Ilmari Käihkö’s column: In helping Ukraine, familiar and destructive wishful thinking is repeated | Columns

Ilmari Kaihkos column In helping Ukraine familiar and destructive wishful

Inflexibility in the face of facts once led to a complete defeat in the war in Afghanistan. A similar development now threatens Ukraine, Käihkö worries.

Ilmari Kaishkö Docent of Military Sciences

Ukraine is living a critical moment. Although there is international support promised for as long as the need is, the support still falters as well in Europe that Stateside. There is something darkly familiar about the situation: it resembles the events in Afghanistan.

That war lasted two decades. Just like in Ukraine, the war in Afghanistan was also accompanied by a strong moral ethos of the West: democracy and human rights had to be defended against brutal tyranny.

Strong conviction and good values ​​do not necessarily support good and responsible decision-making.

In democracies, it is ultimately the people who decide whether to go to war, and since war is terrible, related decisions are justified by values ​​rather than, for example, pure power interests.

But strong conviction and good values ​​do not necessarily support good and responsible decision-making.

This was seen in Afghanistan, where Finland, along with others, hung on to big but vague goals to promote justice.

However, vague, big goals are difficult to achieve. Our low investments and unsuitable operating methods made the mission in Afghanistan hopeless. Because of our inflexible convictions, every compromise meant betraying our own values.

Over time, we got frustrated to slow progress, and we forgot the values ​​for which we fought in Afghanistan. When the regime we supported collapsed, everyone who believed in our words was left in trouble.

Officials to our war aims was heard for example promoting gender equality and improving the status of women. After the war, the situation of women in Afghanistan is now so bad that there is no word to describe it gender apartheid.

It is not an exaggeration to saythat we lost the war in Afghanistan completely.

We are repeating the mistakes of Afghanistan in the power of naïve faith in Ukraine.

I’m afraid we’re not have learned our lesson: now we repeat the same mistakes in the power of naive faith in Ukraine.

When the Russian invasion began, our strong conviction of the rightness of the Ukrainian cause led to a duty support “solidified Ukraine’s independence, sovereignty, self-determination and territorial integrity.”

However, our strong rhetoric is alienated from reality: we help the Ukrainians to continue the war, we don’t to win the.

A key lesson of the war in Afghanistan was that complacency is dangerous. The enemies of democracy, and (in our opinion) the appeal of their repulsive policies, should not be underestimated.

Another Afghanistan lesson is that there is not wise holding tight to everything if it only leads to losing everything in the end.
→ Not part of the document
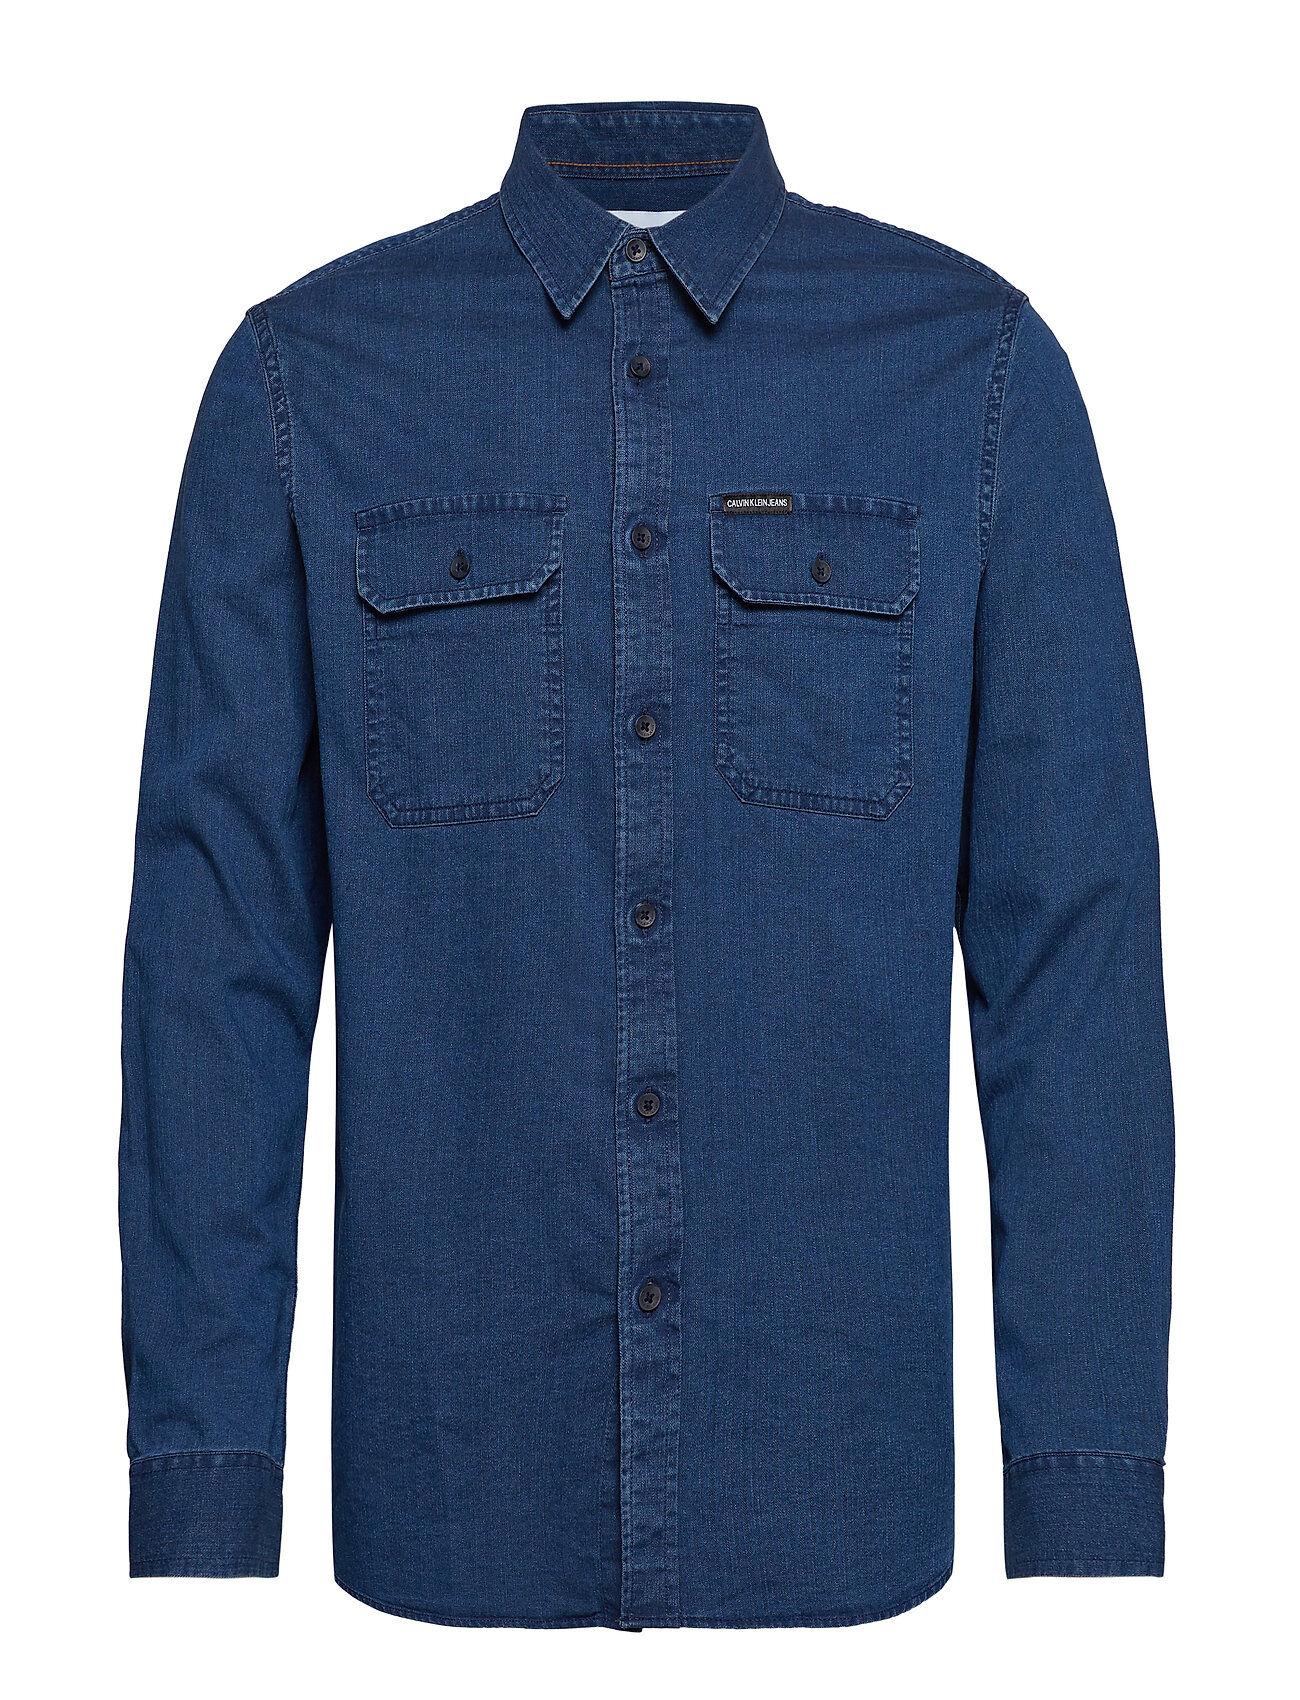 Image of Calvin Herrigb Ls Shirt, Paita Rento Casual Sininen

The danger of a strong conviction is blackness, an inflexibility alienated from reality. In Afghanistan, it led to bad decisions and ultimately fiasco.

We are helping the Ukrainians to continue the war, not win it.

The same mistakes seem to continue in Ukraine. Even now we lack an idea of ​​how profit or even that achievement enabling strategy seem

Supporting Ukraine only to continue the war tells about wishful thinking. We are just waiting for some surprising turn to save us and Ukraine from the difficult situation.

The idea is like Alice’s Adventures in Wonderland –the novel With a grinning cat: if you don’t know where you want to go, it doesn’t matter which road you choose. However, responsible politics must be based on facts – not wishful thinking. And on the other hand – like the character in the novel Irvikissa: it is impossible to form a good goal and a strategy that matches the means, if you don’t know what you want.

I’m afraid the story Afghanistan repeats itself: we enable the war to continue with no apparent end. At some point, it becomes undeniable that we have demanded more than we have been prepared to invest in. If this happens, we will also pull the rug from under the Ukrainians’ feet.

Everything possible must be done so that it does not happen. Already because, unlike in Afghanistan, we have much stronger selfish interests in Ukraine. Preventing the collapse of Ukraine is both morally right and strategically wise.

Currently, the outcome of the war in Ukraine will be worse than it could be. A better result can only be reached the facts with a recognition strategy.

Ilmari Käihkö

The author is a military scientist who believes that we have a duty to learn from the wars that have already been fought – and above all the ones that have been lost – for future ones.